According to IDC's projections, it is anticipated that the volume of data generated on a global scale will experience a substantial increase from 33ZB to 175ZB within the timeframe spanning from 2018 to 2025. Notably, a significant proportion exceeding 80% of this data will be characterized as unstructured, posing challenges in effective management. Consequently, managing such intricate systems necessitates the utilization of domain-facing programming models, which enable the simulation and examination of these complex systems. Programming models serve as conceptual frameworks to articulate algorithms encompassing strategies and concepts. Consequently, these models may also fall within the purview of regulations and methodologies of intellectual endeavours, thereby rendering them ineligible for patent protection.
Therefore, similar to mass distributed storage technology, mass data management technology also needs to be transformed into an "application of algorithm", i.e. adopting technical solutions, solving technical problems and obtaining technical effects to become the object of protection of the Chinese patent system.
Patent Protection for AI Technology Innovation in Food Safety Supervision
In the era of Industry 4.0, jobs with high repetition rates and heavy labour are gradually being replaced by AI. Similarly, in food safety supervision, AI can use its unique analytical and computational capabilities and autonomous learning ability to reduce the consumption of human and material resources and improve the accuracy of food risk warnings, thus effectively reducing the occurrence of food safety problems. For example, AI can monitor whether the staff wears the required clothing, hats and masks in the back kitchen and whether creatures like rats are present. It can also mark the facilities, equipment and tools in the back kitchen and record their usage status, thus providing effective personnel and environmental management. In addition, AI can also be applied to food identification (Boushey et al., 2016), sensory evaluation (Garcia-Esteban et al., 2018), food development and other fields, which can better regulate the food production process and improve the accuracy and coverage of supervision.
China has made the development of AI one of the elements of its national strategy. The "Development Plan for a New Generation of AI" and the "White Paper on AI Standardization" emphasize using AI to improve public safety and security capabilities.

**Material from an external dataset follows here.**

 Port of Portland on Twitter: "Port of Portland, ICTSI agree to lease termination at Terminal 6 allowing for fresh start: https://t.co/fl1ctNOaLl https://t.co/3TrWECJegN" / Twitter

AI Technology for Food Safety Supervision Is Based On Big Data and Cloud Computing
The development of AI is contingent upon three fundamental components: data, computing power, and algorithms.
When considering the realm of data, it becomes evident that AI necessitates the utilization of big data technology as a foundational pillar of support. The fundamental technological framework underpinning contemporary AI is deep learning, a subfield of machine learning. Concurrently, the proliferation of big data technology has facilitated the exponential growth of network data resources, thereby furnishing a copious corpus of sample data for training AI systems through deep learning methodologies. Simultaneously, it is worth noting that AI frequently engages in substantial data storage and computation during its training phase, wherein sample data is utilized. This, in turn, necessitates the reliance upon big data technology to facilitate the abovementioned processes.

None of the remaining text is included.